Claim 18 is analyzed similarly to claim 1.
BRIs of the claims are analogous to an abstract idea in the form of at least a mental process, at least equivalent to a computer-implemented process, including obtaining and comparing intangible data (e.g. Cybersource, Synopsys and Electric Power Group). In a BRI, it is not clear that the claim embodiments are limited so as to require complexity precluding analogy to a mental process.
BRIs of the claims also are analogous to an abstract idea in the form of a mathematical concept, including mathematical relationships and calculations, as found in the following case law, as cited and discussed above: collecting information, analyzing it, and displaying certain results of the collection and analysis (Electric Power Group) and/or obtaining and comparing intangible data (e.g. Cybersource, Ambry and Myriad CAFC) and/or execution of an algorithm to implement mathematical relationships and/or formulas, including image processing (e.g. TLI, Digitech, Benson, Flook, Diehr, FuzzySharp, In re Grams and In re Abele all as cited in MPEP 2106).

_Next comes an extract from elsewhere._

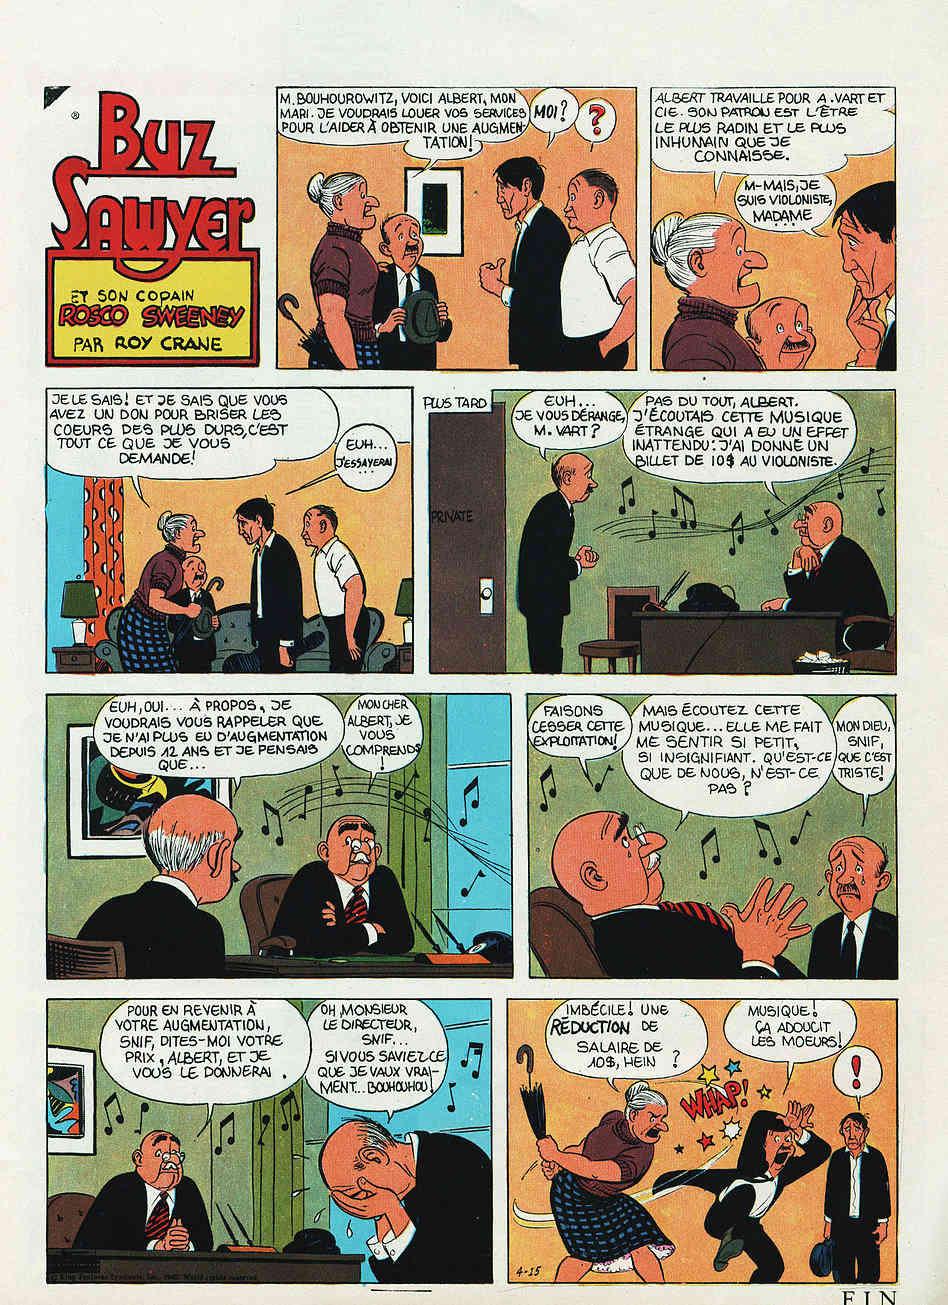 Wash Tubbs, Buz Sawyer par Roy Crane - Page 3 Cranes17

Instant examples of math concepts include at least vectorizing and obtaining a predicted interaction value, as well as relationships inherent in recitations as the only supported embodiments.
The preceding case law examples are cited for the basic form of their identified abstract ideas, and analogy to these example abstract ideas need not be within the same technology field, 101 analysis generally being assumed to be neutral with respect to technology field.
Regarding inherency of abstract ideas, MPEP 2106.04.II.A.1 includes: "the claims in Alice Corp. v. CLS Bank, 'described' the concept of intermediated settlement without ever explicitly using the words 'intermediated' or 'settlement'" (emphasis added, p. 1). Similarly, inherency can effectively be recitation, as in, for example, "By claiming simply 'crystalline paroxetine hydrochloride hemihydrate' with no reference to how it was produced, SKB effectively claimed 'crystalline paroxetine hydrochloride hemihydrate whether non-naturally occurring or arising through natural conversion.' Claim 1, as issued, therefore combines patentable and unpatentable subject matter, and is invalid under Section 101." (capitalization added, SmithKline Beecham Corp. v. Apotex Corp., 365 F.3d 1306, 1321-33, Fed. Cir. 2004).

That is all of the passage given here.